Judging from Ryan's initial post and his work on something similar (I forget the name but it has a wiki) a shared-creation world, I think there should be total avoidance of crunch. That way, the entry can be used in whatever way someone sees fit and doesn't limit them even to a specific rules system. E.g. the world could be used for 3E, GURPS, Fantasy Hero etc

Can I be put right to the back, please? I won't have readily available internet access for a while (prob 2 weeks) so thought I should give warning.


----------



## kinem (Jan 7, 2008)

So what happens if people neither support nor veto a Pitch?  After a day or 2, there should be a default rule.


----------



## mfrench (Jan 7, 2008)

I think that 2 days of no support is a sort of silent veto.  We should make that officially the case, unless someone has a better idea.


----------



## Spontorus (Jan 7, 2008)

oh hey, I totally spaced on this, I still want to play, is there stll room? D:


----------



## Awakened (Jan 7, 2008)

If Voda's isn't fact yet, then here's my support!


----------



## WarShrike (Jan 7, 2008)

I'd also like to participate if there's still room.


----------



## mfrench (Jan 7, 2008)

I have no idea how many people this was intended to support.  My only worry is that with so many people working on something that updates so slowly, interest would wane, people would lose track of their turns, and then there would be a succession of 2-day periods were people just time-out, and it would fall flat.

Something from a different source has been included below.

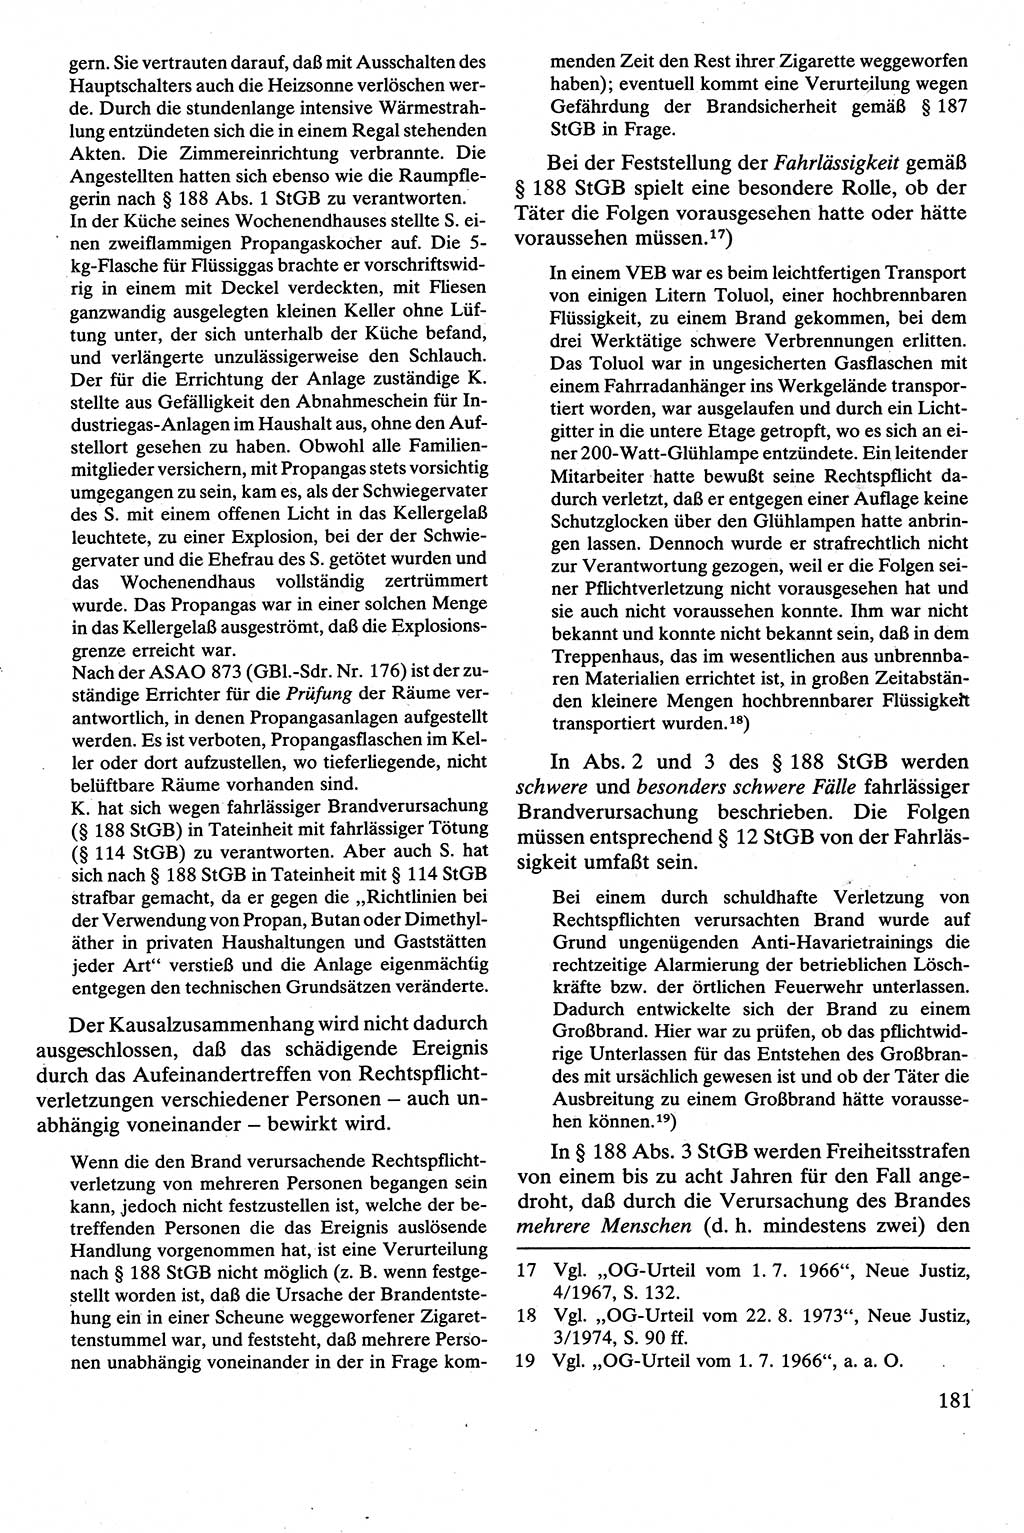 Strafrecht [Deutsche Demokratische Republik (DDR)], Besonderer Teil, Lehrbuch 1981, Seite 181 (Strafr. DDR BT Lb. 1981, S. 181)

That being said, I would certainly be up for allowing more people.  I would suggest then that the window to throw out a Pitch be reduced to 24 hours, and the silent veto go to 24 hours as well.

What do people think?


----------



## WarShrike (Jan 7, 2008)

What is the cost of a veto?


----------



## Asmor (Jan 7, 2008)

If there's enough interest to start a second game, I'd like to get in on it.


----------



## Spontorus (Jan 7, 2008)

it would be easier to split it into two or three seperate groups, and in the end we could combine the worlds, or hell if we get enough people we can all work on the same world, but with seperate groups for different parts of the world.


----------



## mfrench (Jan 7, 2008)

I suggest we split into 2 groups, with the people that haven't spent points there yet (no offense, it just works easiest) splitting off to start a new Game thread.  That would make the rosters:

Mavnn
kinem
mfrench
Voda Vosa
Frukathka
(hiatus) Lorthanoth -- I wouldn't want to move him without his approval

and then, in a new thread:

Nightbreeze
Awakened
Spontorus
Warshrike
Asmor

You could start with the first two Facts, or start completely independently.  It might be interesting just to take Fact 1, and see how divergent they have become by the time both are over.  In either event, I would request that someone from that group start a new in game thread and manage it, please.


----------



## Nightbreeze (Jan 7, 2008)

The split, and taking the first fact is fine for me.


----------



## Spontorus (Jan 7, 2008)

I'll start the thread then, I'll link to it in a sec.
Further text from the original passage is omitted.